» **What the exercise asks**:
With the pictures left out, print exactly the lines below that run from the one containing "cakes in Imphal, Manipur" through the one containing "Samoa Sheet Cake…".

» **Excerpted data**:
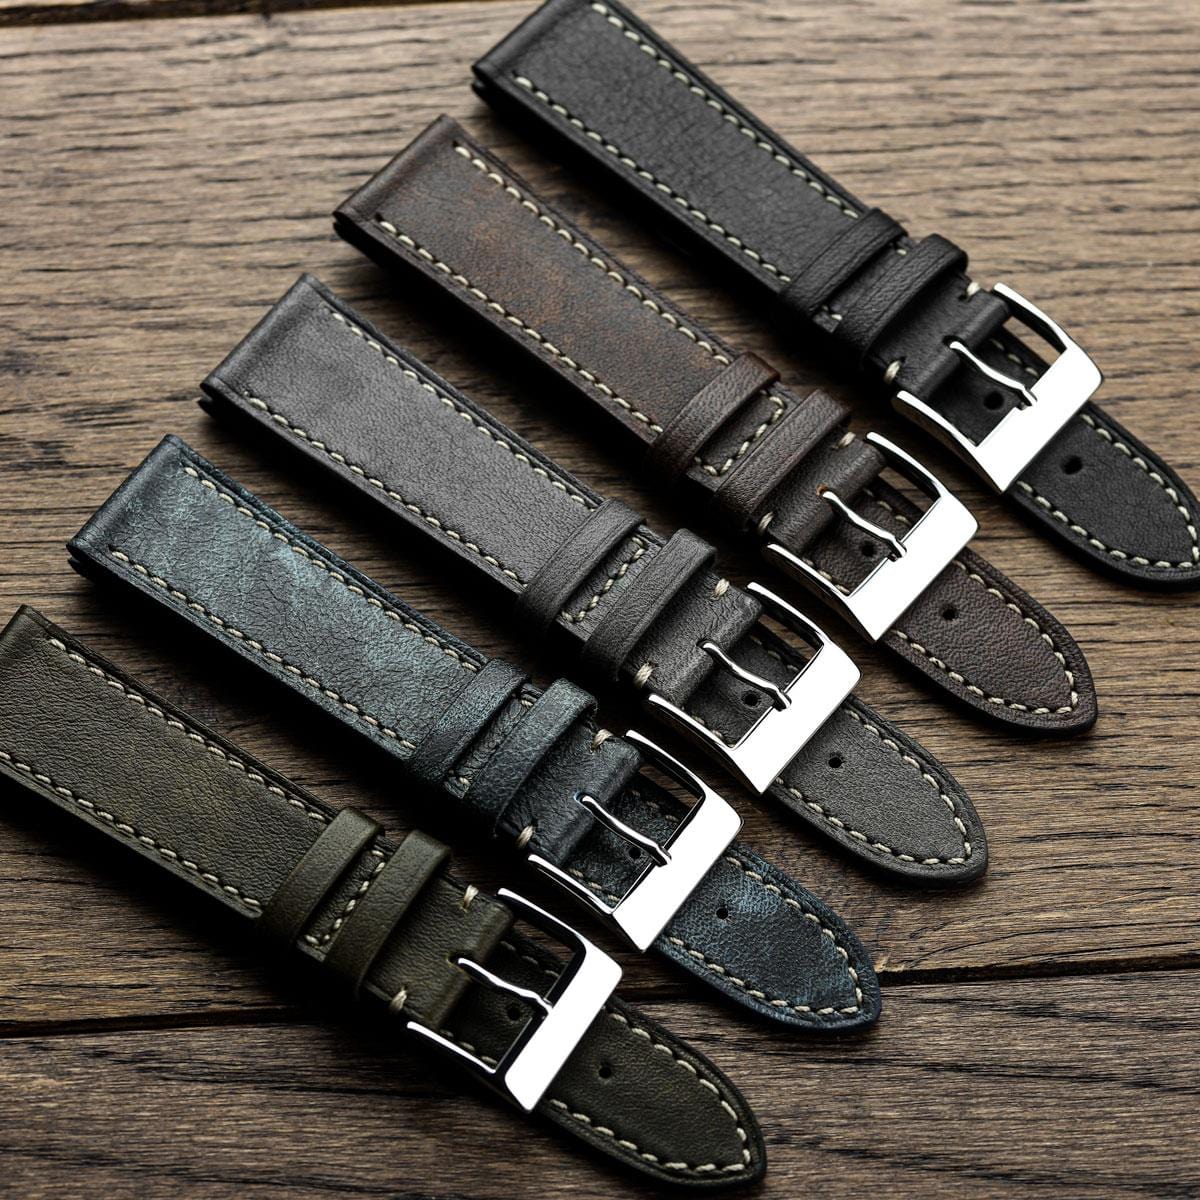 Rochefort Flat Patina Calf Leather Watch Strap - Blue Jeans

--

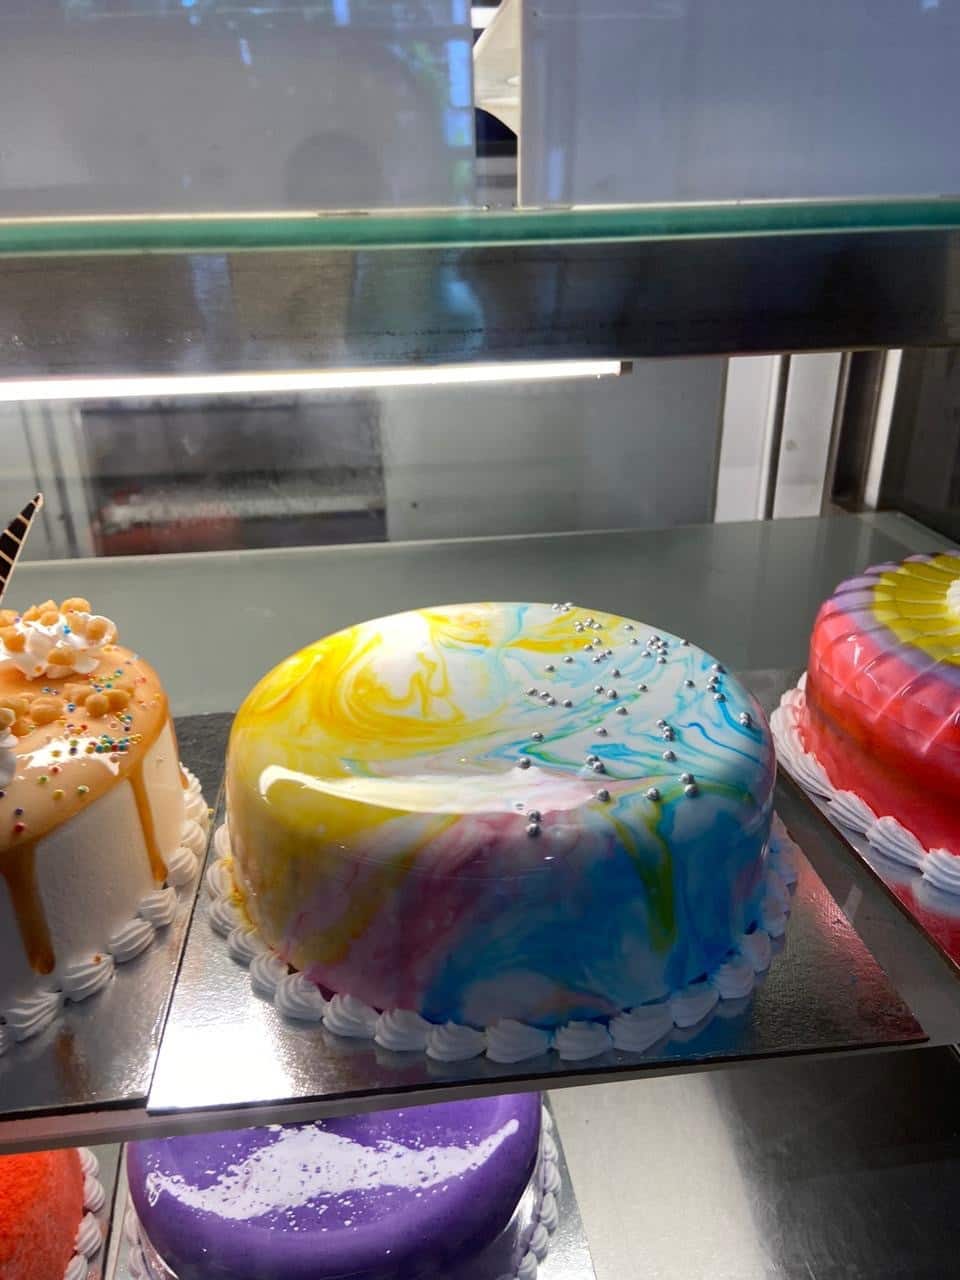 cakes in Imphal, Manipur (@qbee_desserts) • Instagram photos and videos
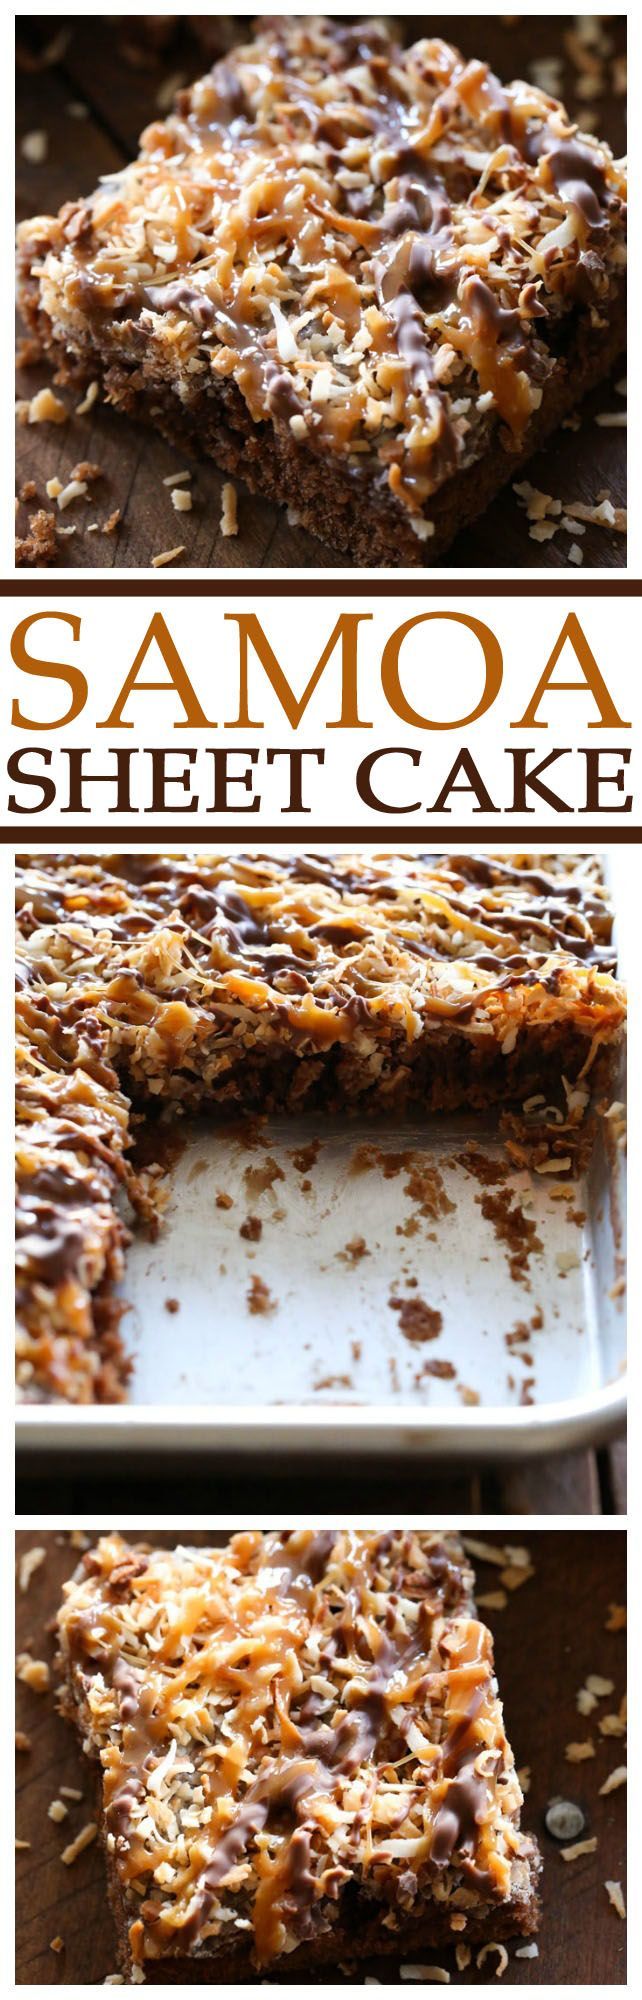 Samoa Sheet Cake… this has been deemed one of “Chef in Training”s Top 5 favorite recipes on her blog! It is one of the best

...

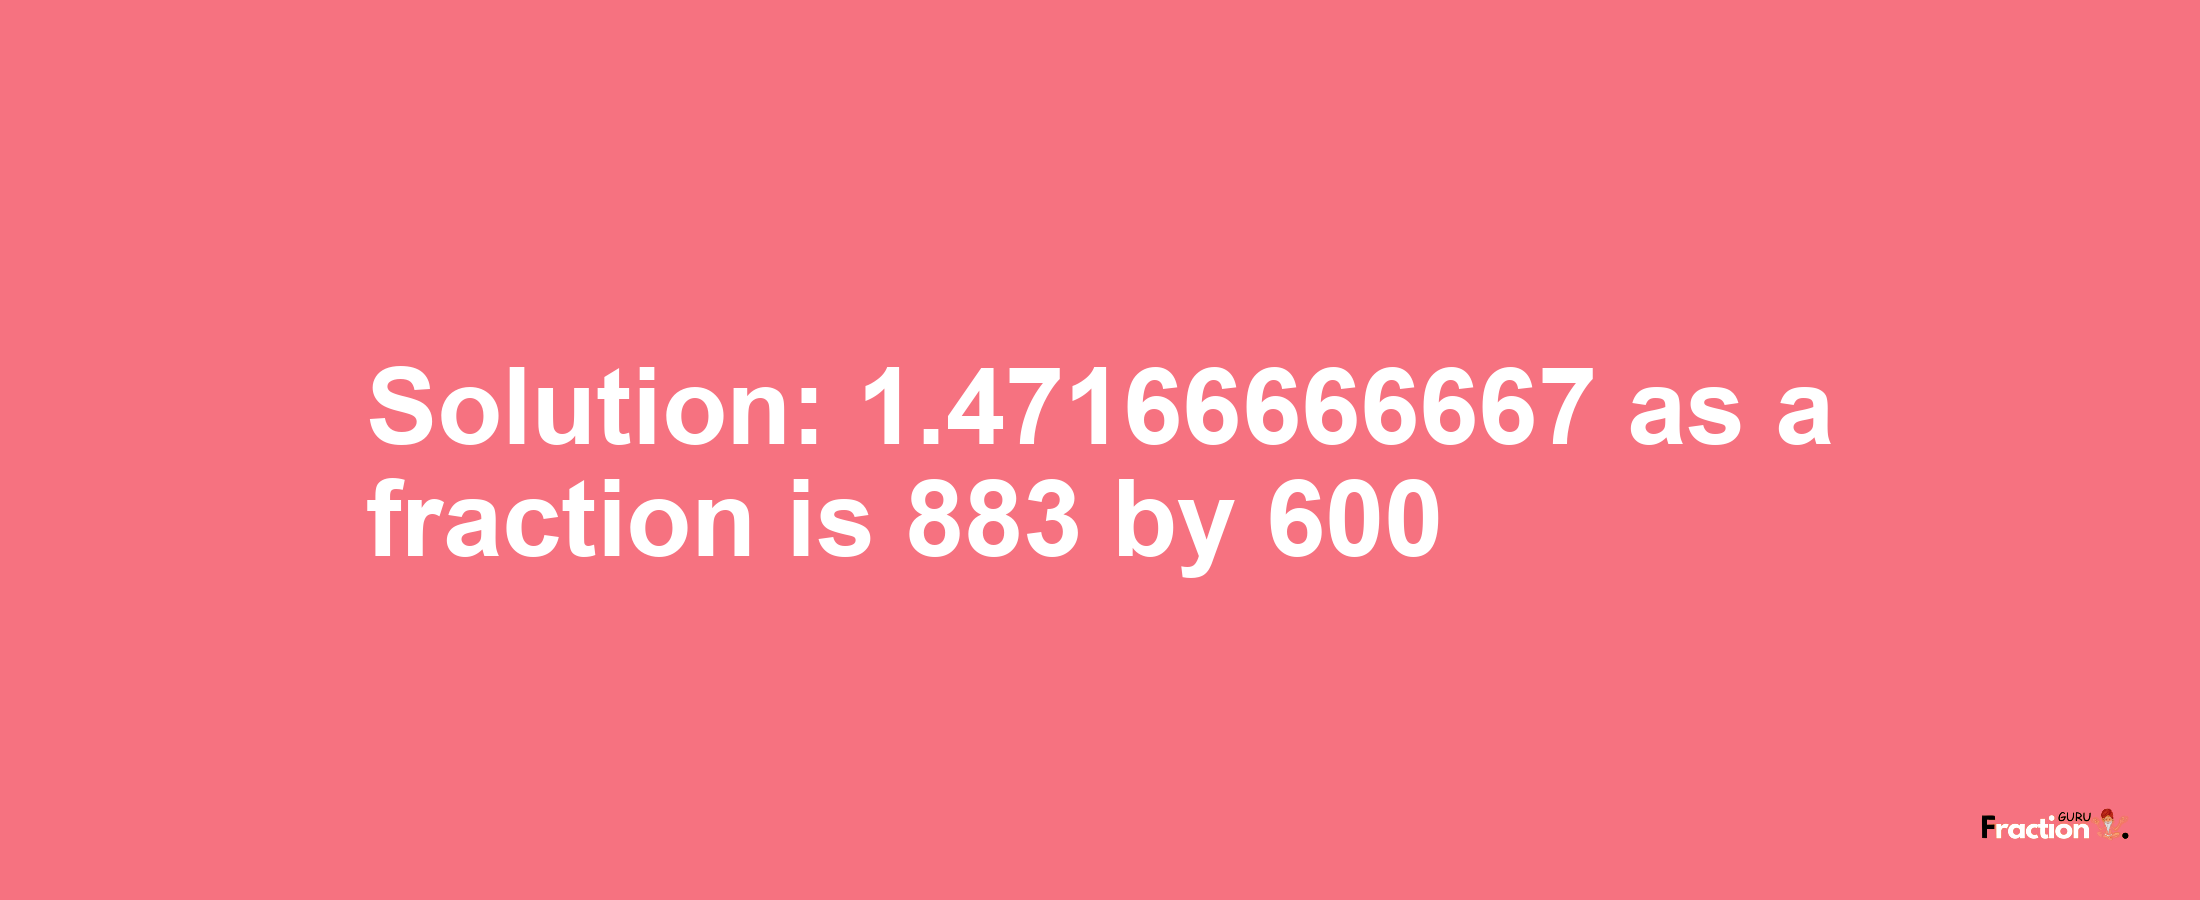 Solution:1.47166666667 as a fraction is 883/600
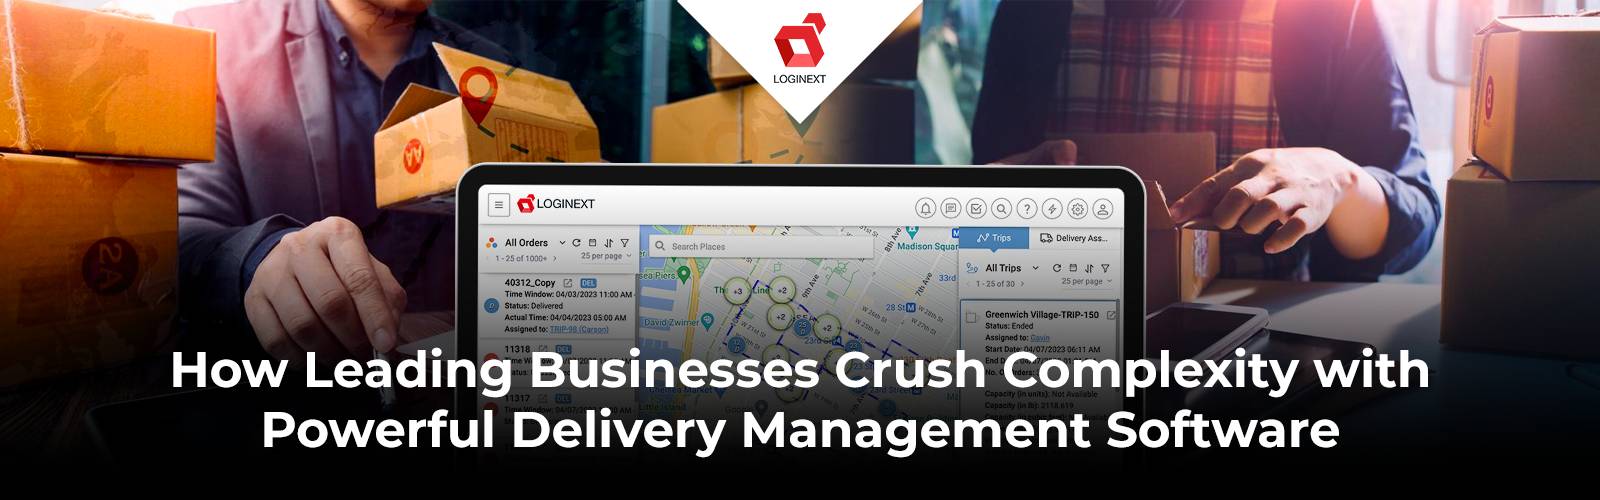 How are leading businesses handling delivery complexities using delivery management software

» **Answer section**:
 cakes in Imphal, Manipur (@qbee_desserts) • Instagram photos and videos
 Samoa Sheet Cake… this has been deemed one of “Chef in Training”s Top 5 favorite recipes on her blog! It is one of the best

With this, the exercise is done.